Source-backed implementations are provided below for direct study and interview prep.

// Accepted solution for LeetCode #1475: Final Prices With a Special Discount in a Shop
class Solution {
    public int[] finalPrices(int[] prices) {
        int n = prices.length;
        Deque<Integer> stk = new ArrayDeque<>();
        for (int i = n - 1; i >= 0; --i) {
            int x = prices[i];
            while (!stk.isEmpty() && stk.peek() > x) {
                stk.pop();
            }
            if (!stk.isEmpty()) {
                prices[i] -= stk.peek();
            }
            stk.push(x);
        }
        return prices;
    }
}

// Accepted solution for LeetCode #1475: Final Prices With a Special Discount in a Shop
func finalPrices(prices []int) []int {
	stk := []int{}
	for i := len(prices) - 1; i >= 0; i-- {
		x := prices[i]
		for len(stk) > 0 && stk[len(stk)-1] > x {
			stk = stk[:len(stk)-1]
		}
		if len(stk) > 0 {
			prices[i] -= stk[len(stk)-1]
		}
		stk = append(stk, x)
	}
	return prices
}

# Accepted solution for LeetCode #1475: Final Prices With a Special Discount in a Shop
class Solution:
    def finalPrices(self, prices: List[int]) -> List[int]:
        stk = []
        for i in reversed(range(len(prices))):
            x = prices[i]
            while stk and x < stk[-1]:
                stk.pop()
            if stk:
                prices[i] -= stk[-1]
            stk.append(x)
        return prices

// Accepted solution for LeetCode #1475: Final Prices With a Special Discount in a Shop
impl Solution {
    pub fn final_prices(mut prices: Vec<i32>) -> Vec<i32> {
        let mut stk: Vec<i32> = Vec::new();
        for i in (0..prices.len()).rev() {
            let x = prices[i];
            while !stk.is_empty() && x < *stk.last().unwrap() {
                stk.pop();
            }
            if let Some(&top) = stk.last() {
                prices[i] -= top;
            }
            stk.push(x);
        }
        prices
    }
}

// Accepted solution for LeetCode #1475: Final Prices With a Special Discount in a Shop
function finalPrices(prices: number[]): number[] {
    const stk: number[] = [];
    for (let i = prices.length - 1; ~i; --i) {
        const x = prices[i];
        while (stk.length && stk.at(-1)! > x) {
            stk.pop();
        }
        prices[i] -= stk.at(-1) || 0;
        stk.push(x);
    }
    return prices;
}

Step 06

Interactive Study Demo

Use this to step through a reusable interview workflow for this problem.
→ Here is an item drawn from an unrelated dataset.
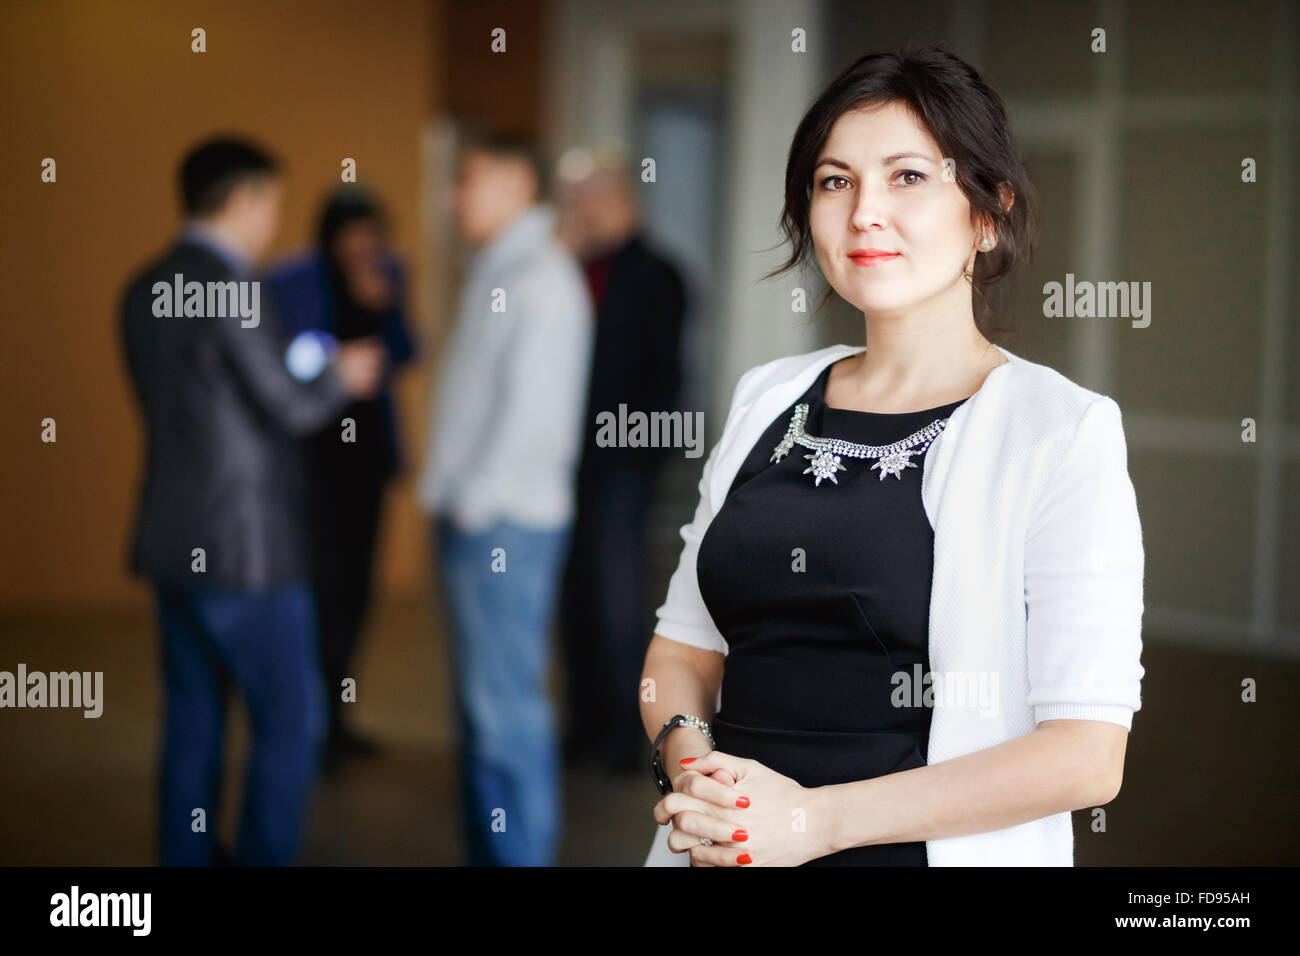 Successful attractive business woman boss brunette with kind eyes stands inside office building and welcoming smile. Strict black dress jewelry. Cute young chief female posing. In background man discussing. Stock Photo

Custom checkpoints (one per line)

Press Step or Run All to begin.

Step 07

Complexity Analysis

Time

O(n)

Space

O(n)

Approach Breakdown

BRUTE FORCE

O(n²) time

O(1) space

For each element, scan left (or right) to find the next greater/smaller element. The inner scan can visit up to n elements per outer iteration, giving O(n²) total comparisons. No extra space needed beyond loop variables.

MONOTONIC STACK

O(n) time

O(n) space

Each element is pushed onto the stack at most once and popped at most once, giving 2n total operations = O(n). The stack itself holds at most n elements in the worst case. The key insight: amortized O(1) per element despite the inner while-loop.

Shortcut: Each element pushed once + popped once → O(n) amortized. The inner while-loop does not make it O(n²).

Coach Notes

Common Mistakes

Review these before coding to avoid predictable interview regressions.

Off-by-one on range boundaries

Wrong move: Loop endpoints miss first/last candidate.

Usually fails on: Fails on minimal arrays and exact-boundary answers.

Fix: Re-derive loops from inclusive/exclusive ranges before coding.

Breaking monotonic invariant

Wrong move: Pushing without popping stale elements invalidates next-greater/next-smaller logic.

Usually fails on: Indices point to blocked elements and outputs shift.

Fix: Pop while invariant is violated before pushing current element.